Exercer son droit de retrait, c’est quitter son poste ou refuser de s’y installer sans l’accord de son employeur au motif que la situation de travail présente un danger grave et imminent pour sa vie ou sa santé, qu’il soit physique ou mental.
Juridiquement, le droit de retrait est très encadré. Le Code du travail y consacre son article L4131-1, et dispose ainsi : « Le travailleur alerte immédiatement l’employeur de toute situation de travail dont il a un motif raisonnable de penser qu’elle présente un danger grave et imminent pour sa vie ou sa santé ainsi que de toute défectuosité qu’il constate dans les systèmes de protection.
Il peut se retirer d’une telle situation.
L’employeur ne peut demander au travailleur qui a fait usage de son droit de retrait de reprendre son activité dans une situation de travail où persiste un danger grave et imminent résultant notamment d’une défectuosité du système de protection ».
Dans quelle situation un salarié peut-il exercer son droit de retrait ?
Le Code du travail est très clair à ce sujet, face à une situation dangereuse, un salarié peut refuser de travailler.

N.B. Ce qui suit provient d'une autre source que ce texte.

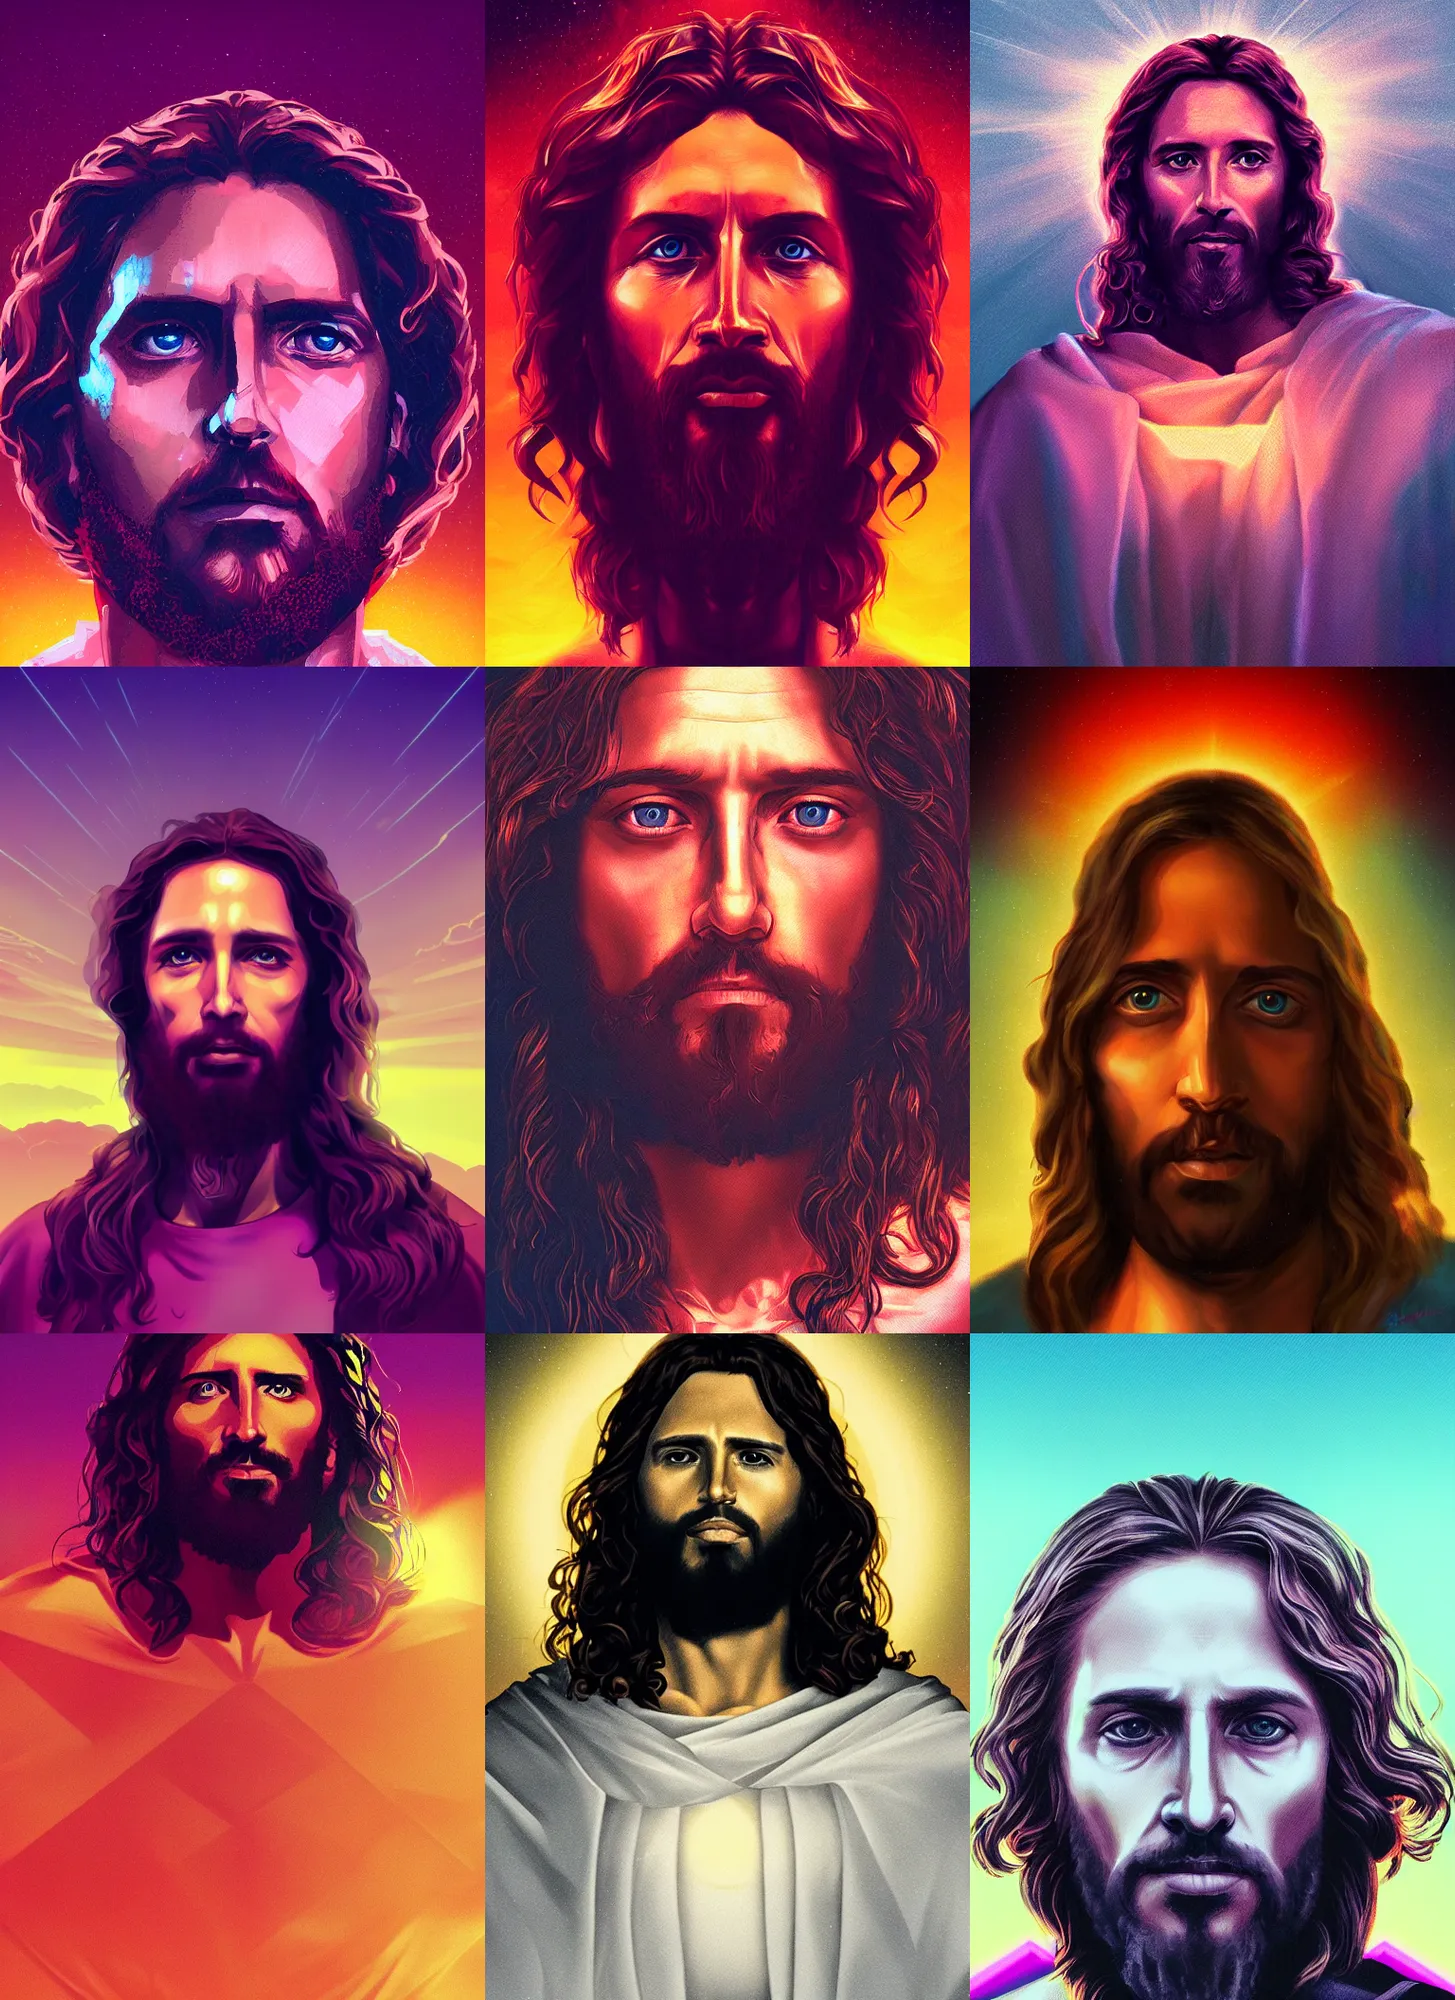 Prompt: portrait of jesus christ, synthwave, futuristic, artstation, high quality

Mais attention, l’article du Code du travail visé ci-dessus, ajoute que le salarié doit avoir une croyance raisonnable en un danger grave et imminent. Il s’agit d’une condition cumulative.
Toutefois, c’est la jurisprudence qui va définir cette notion de « danger grave et imminent », le code est en effet muet sur ce point. La notion de « danger grave et imminent » est laissée à la libre appréciation de chacun.
Aussi, en cas de litige avec l’employeur, c’est au juge qu’il appartiendra d’apprécier si le salarié s’est trouvé dans une situation de dangerosité certaine, danger physique ou moral. C’est ce qu’indique la Cour de cassation dans un arrêt rendu par la Chambre sociale le 28 novembre 2000 (pourvoi n° 98-45.048) en ces termes « si le salarié justifiait d’un motif raisonnable de penser qu’elle présentait un danger grave et imminent pour sa vie et sa santé ».
L’évaluation de la gravité : là, est tout l’enjeu.
Pour être tout à fait clair, le danger doit revêtir une importance telle qu’il porte atteinte rapidement ou sans délai à la vie ou à la santé du salarié. Le danger soulevé par le salarié ne doit pas être un simple risque lié aux conditions de travail.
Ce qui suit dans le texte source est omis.